Ces magistrats ont rendu compte des plaidoiries dans le délibéré de la Cour, composée de :
Mme P, Présidente de chambre
Mme ROBVEILLE, Conseiller
M. BENMIMOUNE, Conseiller
Greffier lors des débats : Mme N
ARRET : contradictoire
Prononcé publiquement le 19 janvier 2021 par mise à disposition de l’arrêt au greffe de la cour, les parties en ayant été préalablement avisées dans les conditions de l’article 450 du code de procédure civile ;
Signé par Catherine P, Présidente de chambre, et par Sophie N, Greffier auquel la minute de la décision a été remise par le magistrat signataire.
[…]
Exposé du litige
Par acte authentique du 15 juin 1982, F A et son épouse, Mme G H, ont fait donation entre vifs par préciput et hors part à leur fille, Mme D A, épouse X, d’un immeuble d’habitation situé […], à […], cadastré section C n°1895, avec un droit de retour à leur profit jusqu’à leur décès et l’interdiction pour celle-ci de procéder à l’aliénation ou à la remise en garantie des biens donnés sauf avec leur consentement.

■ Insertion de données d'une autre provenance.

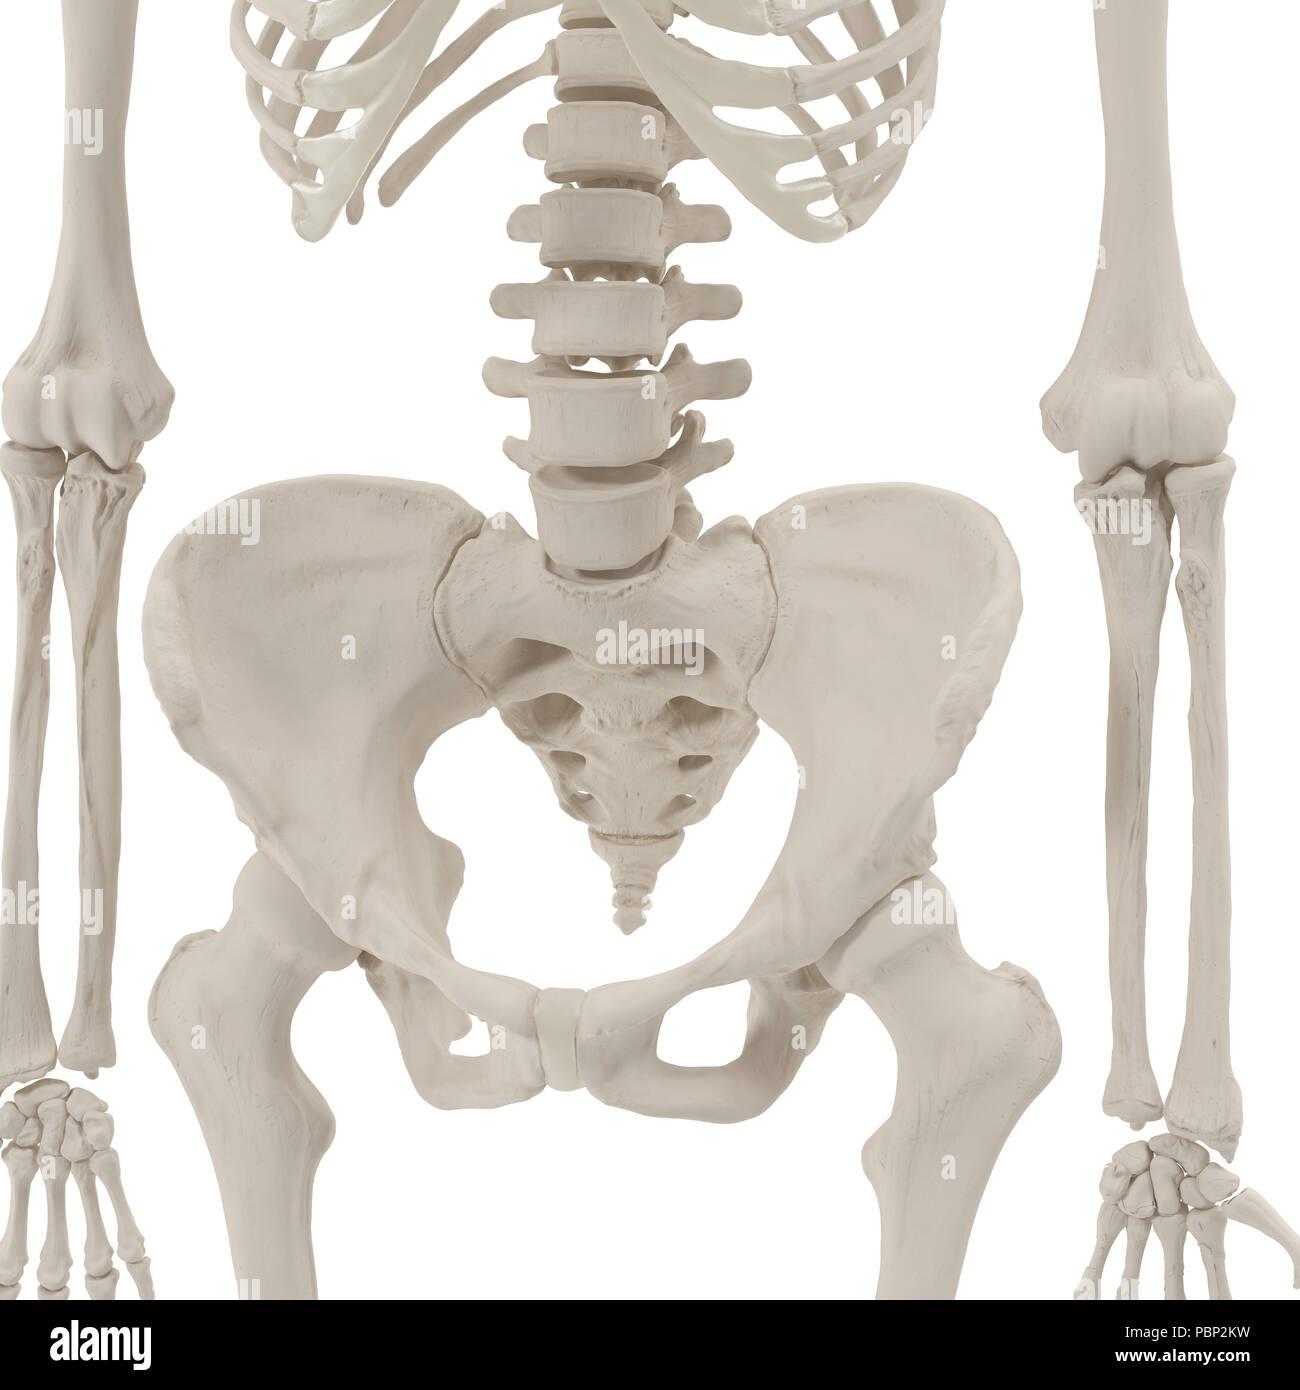 Female Pelvis Skeleton on white. 3D illustration - Stock Image

Par jugement du 1er février 2010, Mme X, qui exerçait en son nom propre une activité professionnelle, a été placée en liquidation judiciaire, la société I B, prise en la personne de Me B, étant désignée liquidateur judiciaire.
Le montant total des créances admises au passif de la liquidation judiciaire de Mme X s’élevait à 63.890,15 euros.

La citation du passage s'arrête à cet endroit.